Publication date: 5 July 2017
Source:Cell Reports, Volume 20, Issue 1
Author(s): Nardos G. Tassew, Jason Charish, Alireza P. Shabanzadeh, Valbona Luga, Hidekiyo Harada, Nahal Farhani, Philippe D'Onofrio, Brian Choi, Ahmad Ellabban, Philip E.B. Nickerson, Valerie A. Wallace, Paulo D. Koeberle, Jeffrey L. Wrana, Philippe P. Monnier
Developing strategies that promote axonal regeneration within the injured CNS is a major therapeutic challenge, as axonal outgrowth is potently inhibited by myelin and the glial scar. Although regeneration can be achieved using the genetic deletion of PTEN, a negative regulator of the mTOR pathway, this requires inactivation prior to nerve injury, thus precluding therapeutic application. Here, we show that, remarkably, fibroblast-derived exosomes (FD exosomes) enable neurite growth on CNS inhibitory proteins. Moreover, we demonstrate that, upon treatment with FD exosomes, Wnt10b is recruited toward lipid rafts and activates mTOR via GSK3β and TSC2. Application of FD exosomes shortly after optic nerve injury promoted robust axonal regeneration, which was strongly reduced in Wnt10b-deleted animals.

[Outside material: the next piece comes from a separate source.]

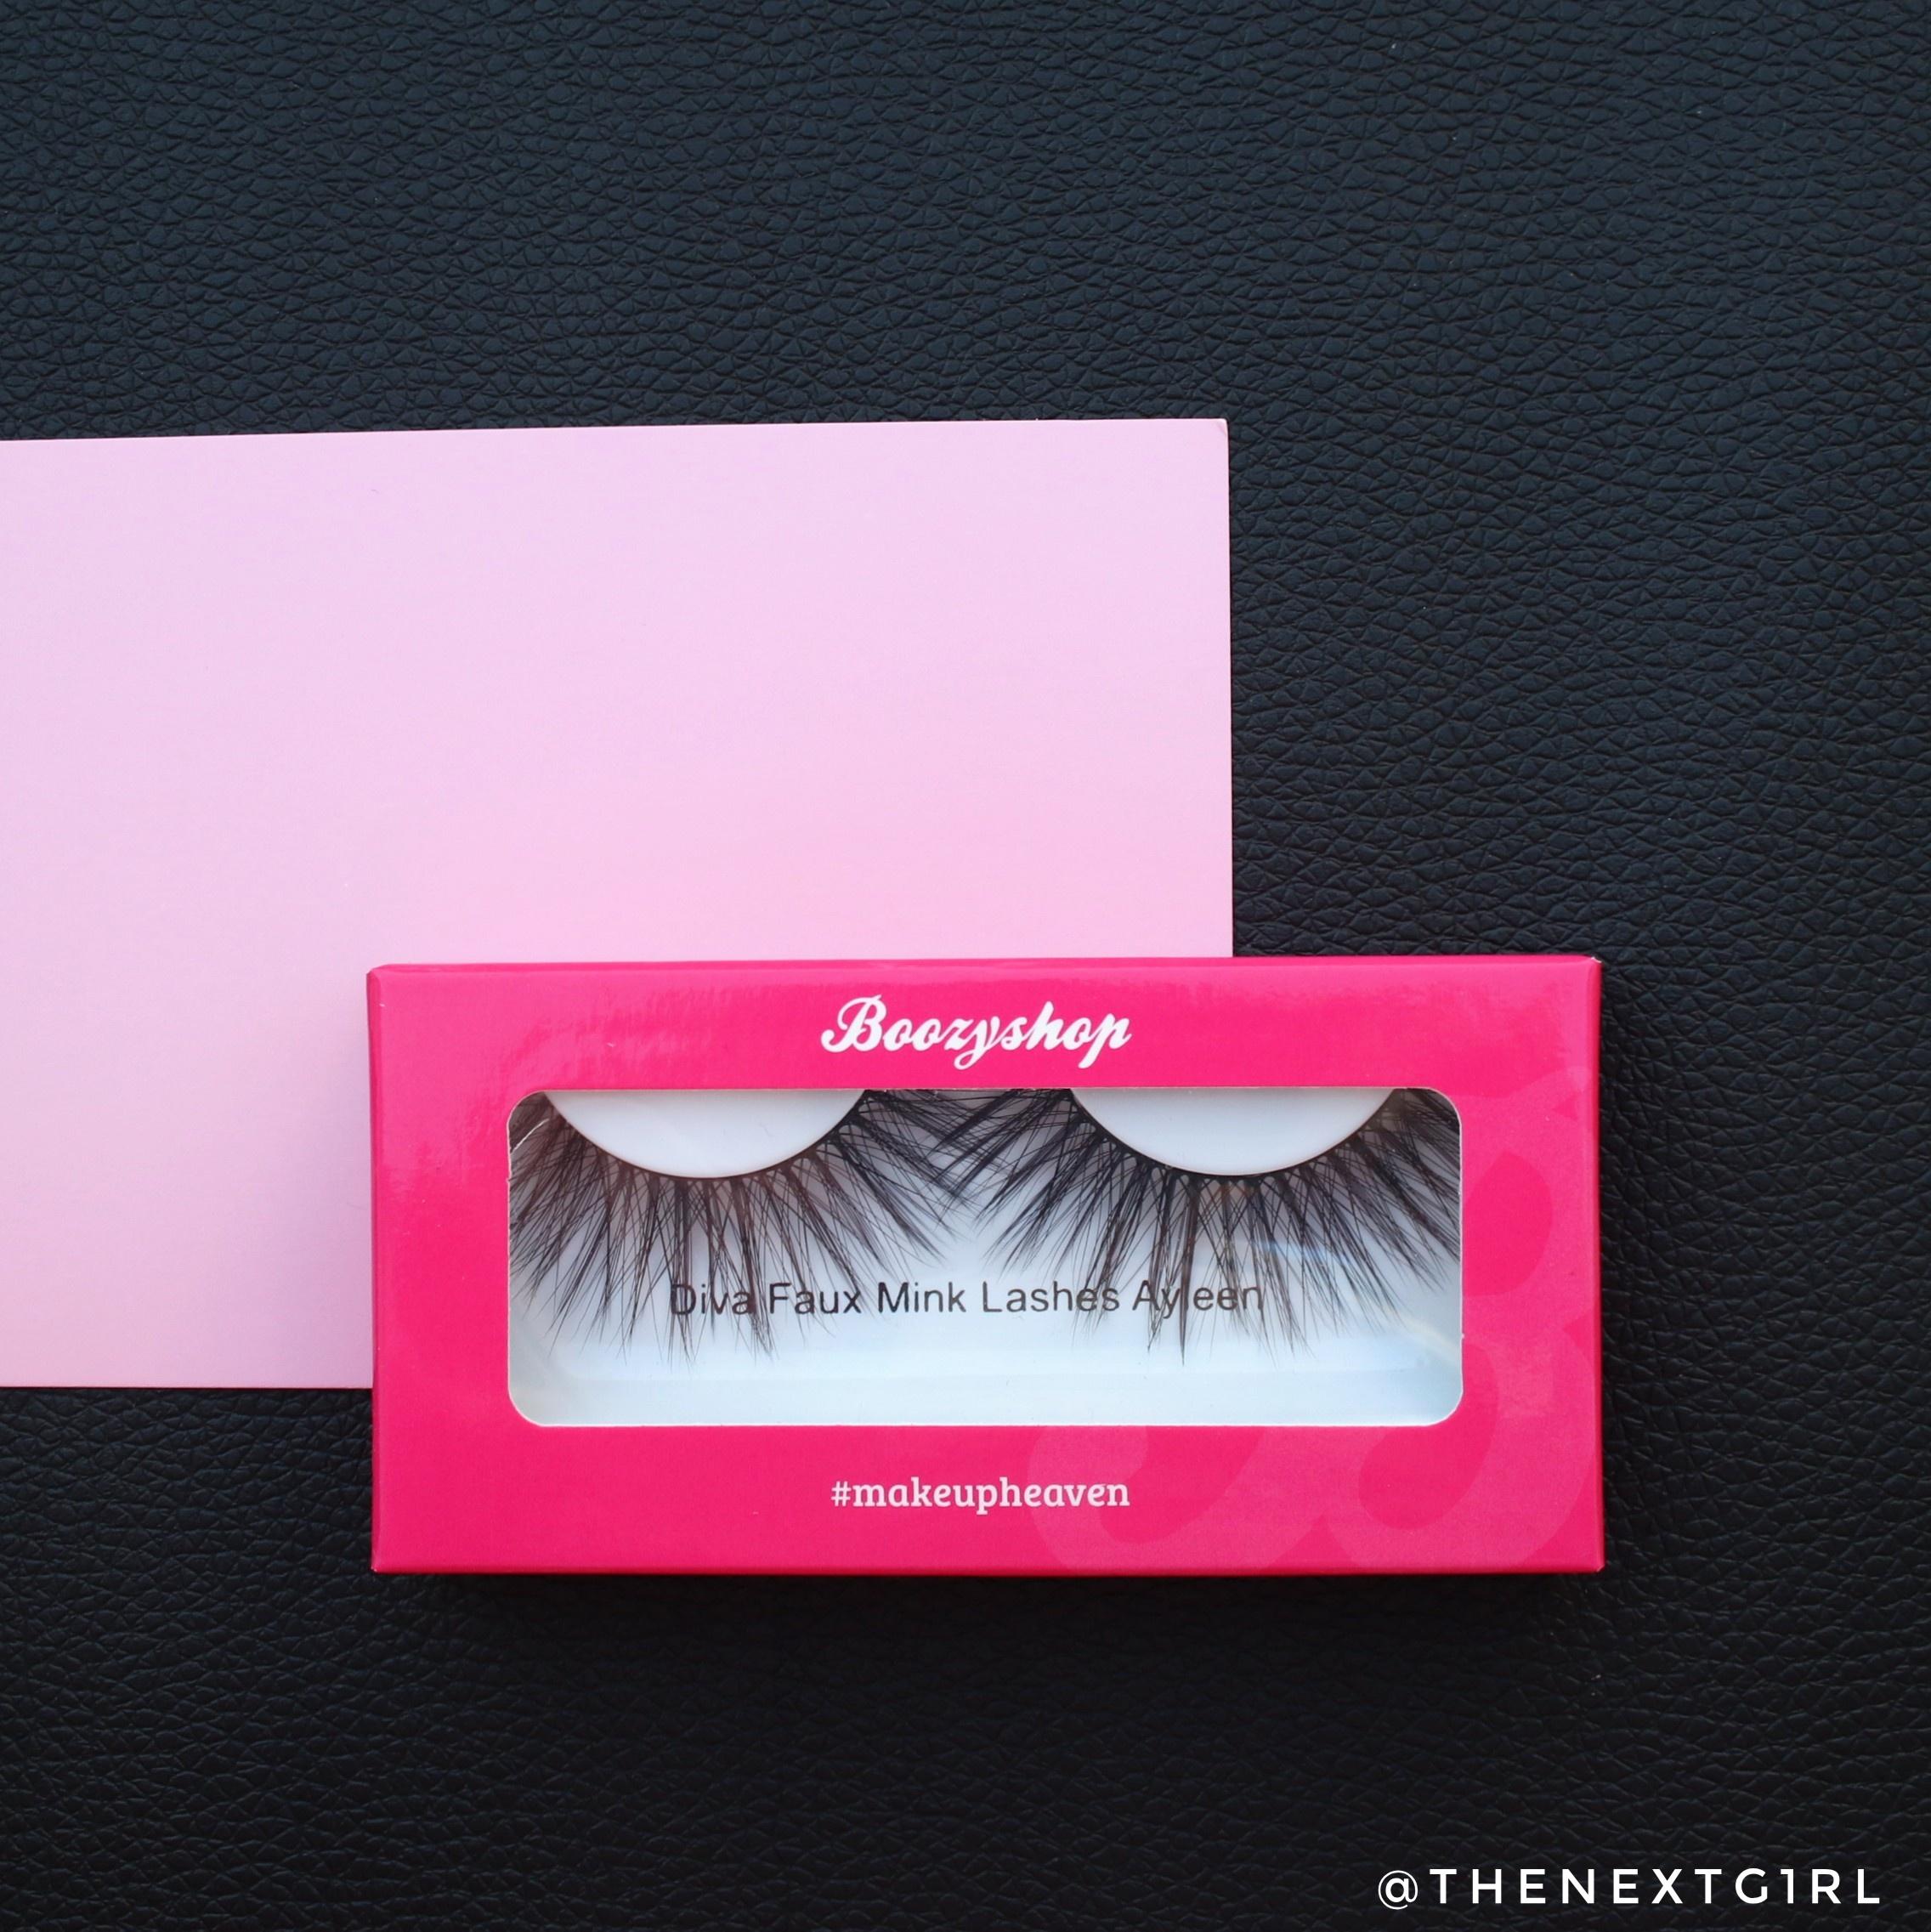 Boozyshop Diva lashes: Ayleen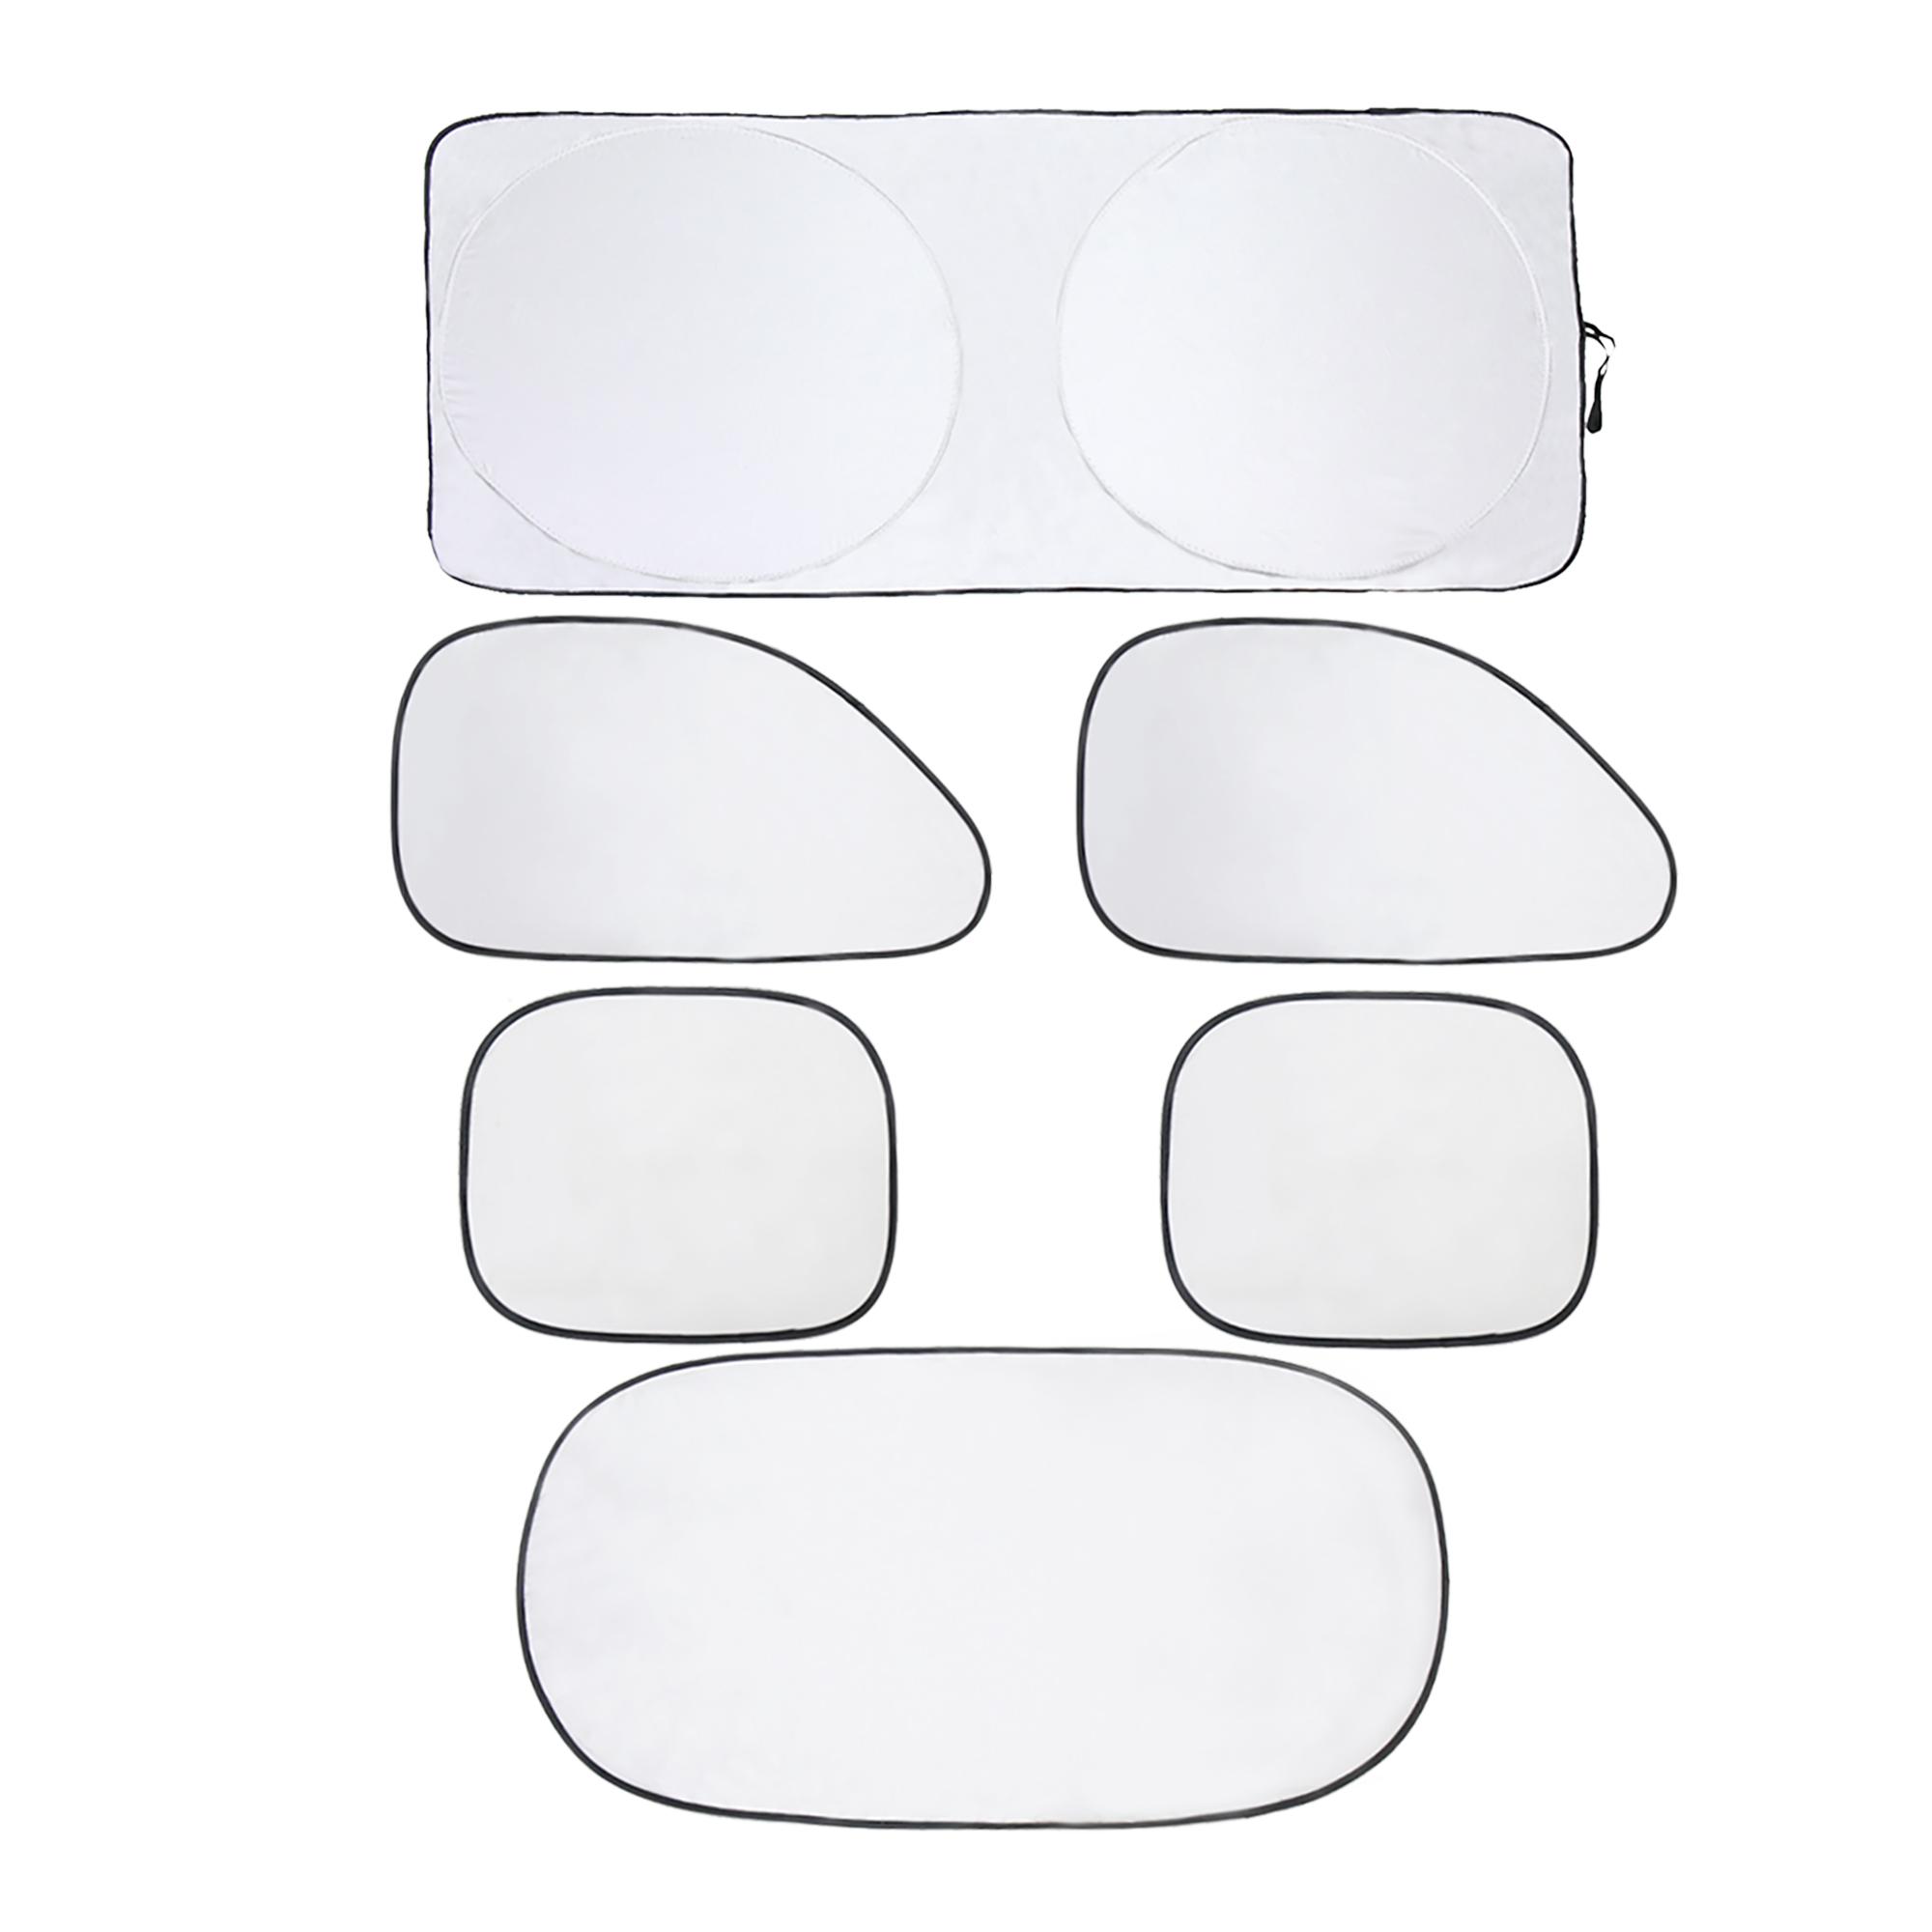 6 Pcs Foldable Silver Tone Car Sun Shade UV Rays Full Protection Universal

This work uncovers an intercellular signaling pathway whereby FD exosomes mobilize an autocrine Wnt10b-mTOR pathway, thereby awakening the intrinsic capacity of neurons for regeneration, an important step toward healing the injured CNS.

Graphical abstract

Teaser

Tassew et al. find that FD exosomes induce relocalization of Wnt10b into lipid rafts, thereby activating mTOR and promoting axonal growth in an inhibitory environment. These exosomes also promote axonal regeneration following optic nerve injury. Thus, they represent a powerful tool to stimulate axonal regrowth in the injured CNS.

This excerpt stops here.